Liberalism stresses carrots over sticks to promote goodwill. The prime recent example is the Iran nuclear deal. President Barack Obama took the military option off the table, thus Tehran was under no immediate pressure to reach an agreement. The U.S. had to offer massive financial payments and sanctions relief up front before Iran agreed to slow (but not dismantle) its nuclear weapons program; and its missile program was not covered at all. Tehran welcomed the economic boost because of its involvement in military operations in Syria, Iraq and Yemen. Restraint and appeasement did not win Iranian friendship, only showed a weakness in Washington that could be exploited across the region. The agreement was formally announced in July, 2015 and Russia intervened militarily in Syria in support of Iran two months later.  

A major refutation of the Kantian notion is World War II in the Pacific. From the Bataan Death March to the atomic bombing of Hiroshima and Nagasaki, total war was waged without mercy on both sides. Yet, today, the U.S. and Japan are firm allies against the threats emanating from North Korea and China. This is what alliances and alignments are really about; not academic theories but concrete common interests. And what provides a firm foundation for U.S. diplomacy is the knowledge that America will do whatever it takes to win. Allies are thus assured and enemies deterred. Liberals cannot be counted on in either regard because they place other "values" above success----even deeming success itself to be of dubious philosophical worth. This produces doubts among allies and opportunities for enemies.

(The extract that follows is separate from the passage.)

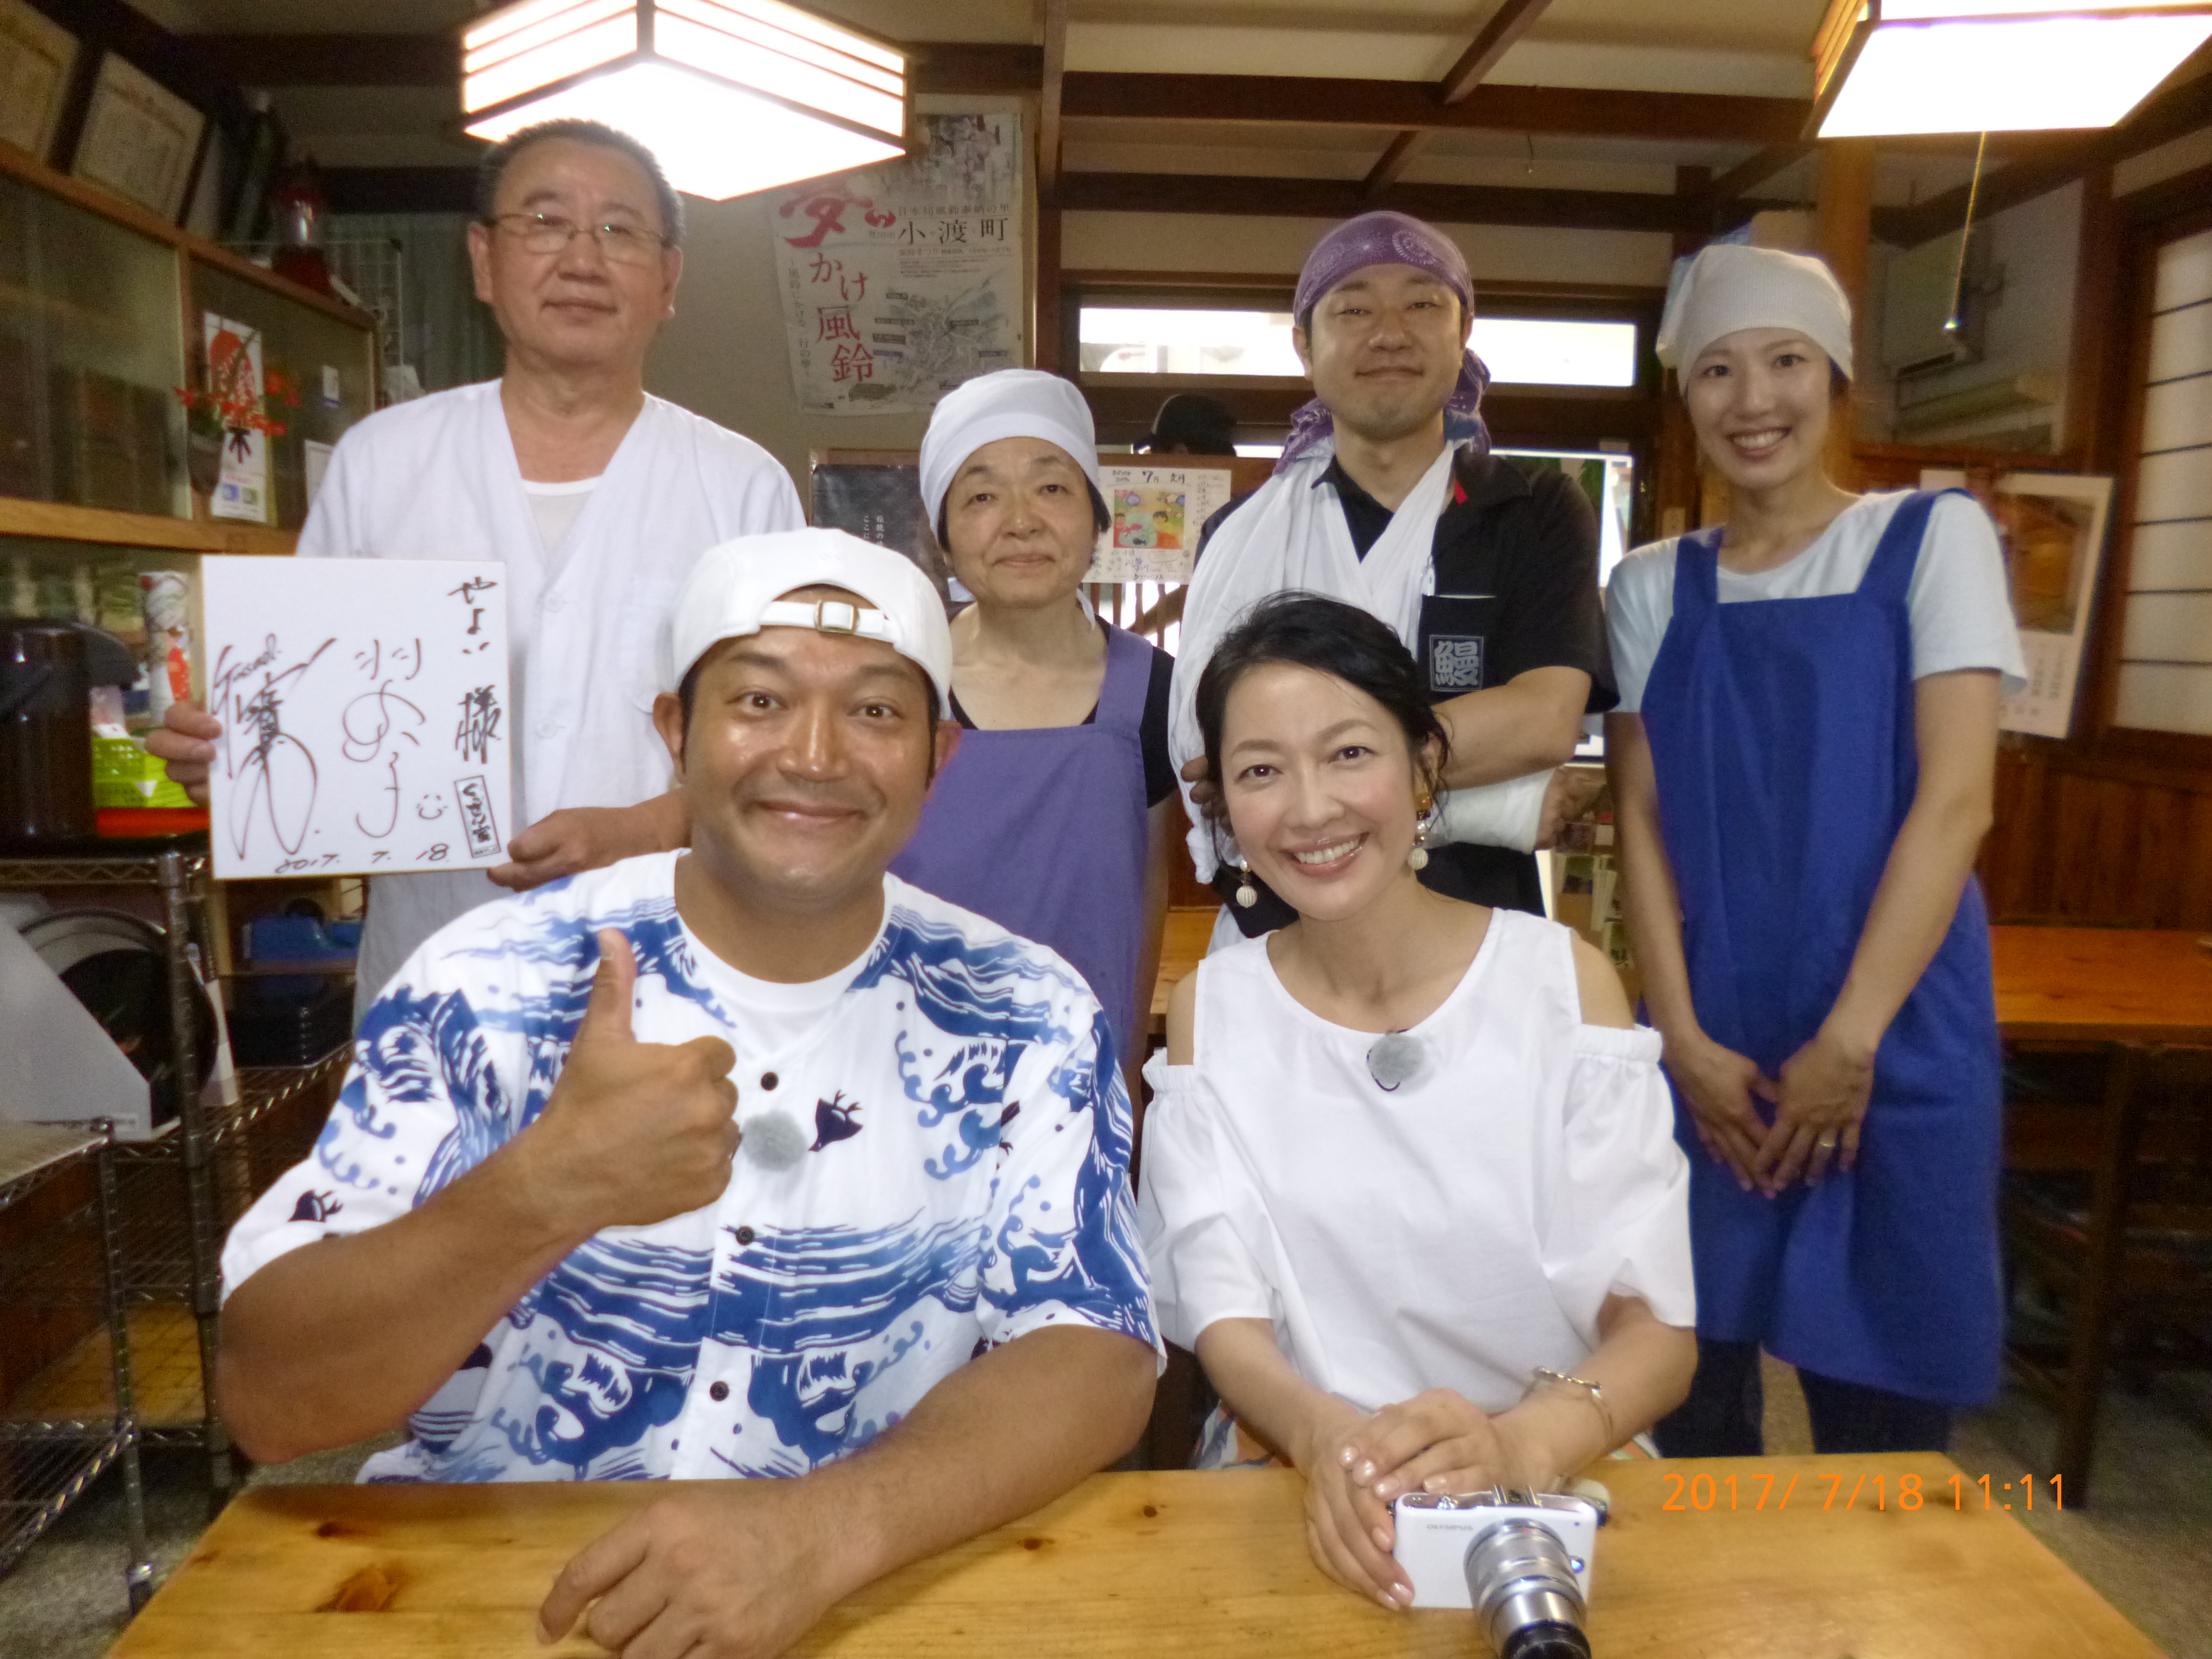 8/23更新 ぐっさん家で放送されました。 豊田市旭地区のうなぎ料理店「やよい」の公式ホームページ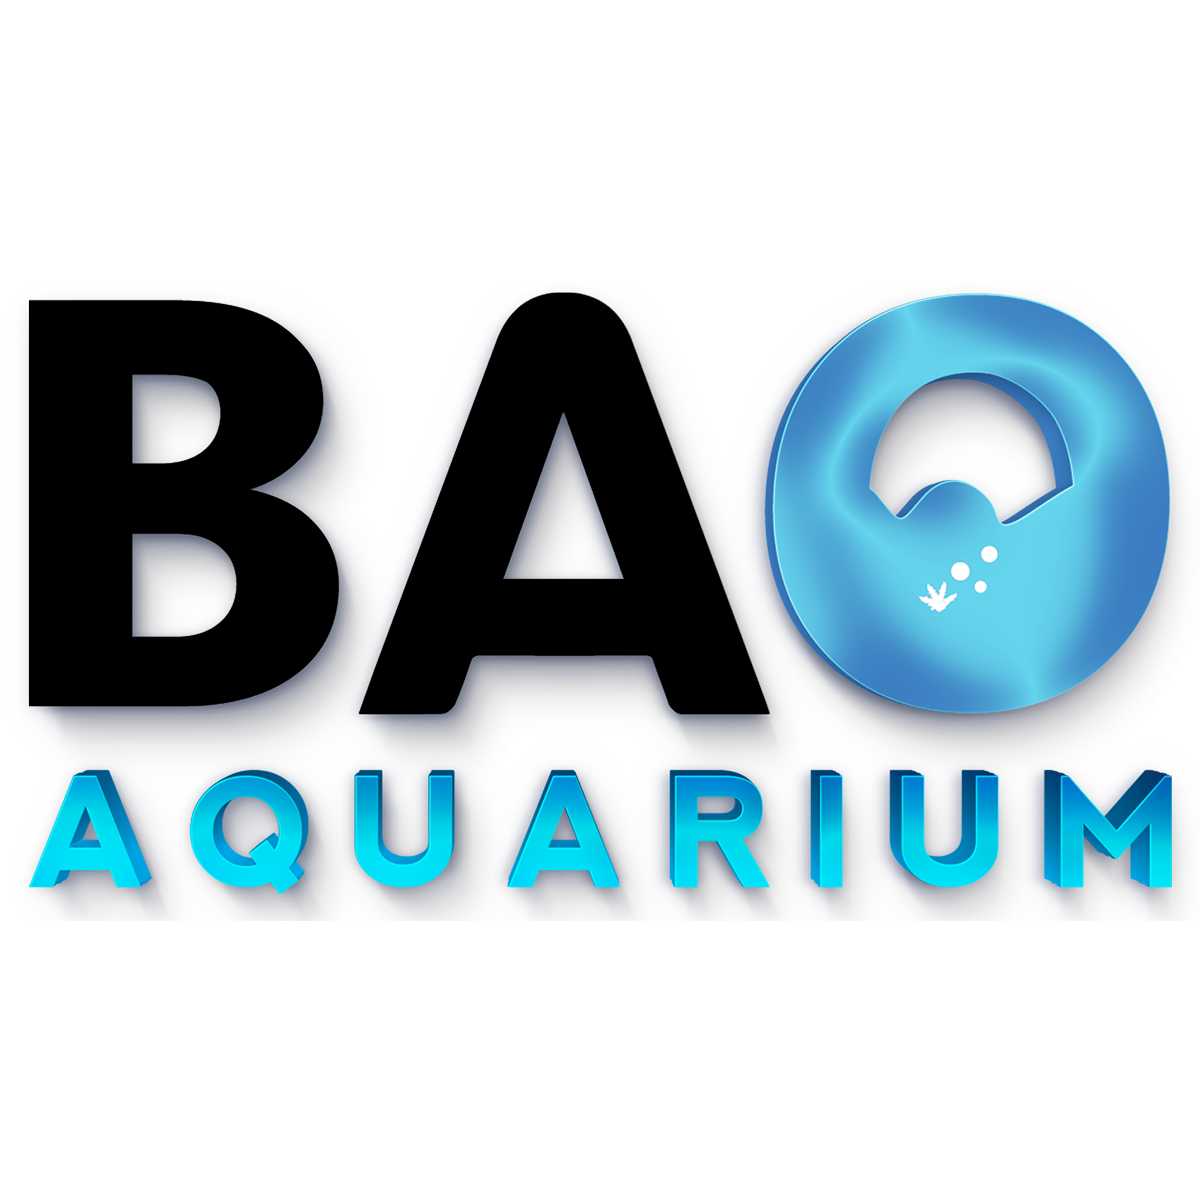 JBL - Nourriture Bloc-vacances Holi-Day pour Poisson d'Aquarium

 A source of the rumors that Secretary Tillerson may not be long in his job is the tweet President Donald Trump sent out admonishing Tillerson for trying to open direct talks with North Korea, which would be futile at this stage of the confrontation. Despite claims to the contrary, little has been done to convince Pyongyang or Beijing that this time will be different. Bold statements, increased sanctions and shows of force have all come and gone before without halting North Korea's development of an unacceptable intercontinental nuclear strike capability. Kim Jung Un still seems confident that no decisive action will be taken against him. China is not so sure, and has been taking new measures to fend off an escalation that would truly force the issue. North Korea's launch of a new missile shortly after a Chinese envoy had visited Pyongyang indicates that this diplomatic effort has run its course. Indeed, former President Obama was in China on the day Pyongyang launched the missile. The Kantians in the media, Congress, and some parts of the administration must be ignored. Actions speak louder than words, and it is time for America to be heard loud and clear.

The calculation in North Korea (and Iran) that developing new weapons to threaten neighbors and the United States is the way to protect their regime must be turned on its head. Being a menace to others (and especially to America), is what raises the stakes to a level that justifies a military response. The new calculation is subject to proof if it is to replace the current equation. Military action of some sort will he necessary to force North Korea to "do our will" and disarm---- and to convince China that the U.S. intends to maintain itself as the world's preeminent power. Otherwise, instability and aggression will only increase going forward, with a much higher price tag (in both blood and treasure) to buy security in the future.

As we look at the problems facing our country today, Kant should not be in our vocabulary.

William R. Hawkins is a consultant specializing in international economic and national security issues. He is a former economics professor and Republican Congressional staff member.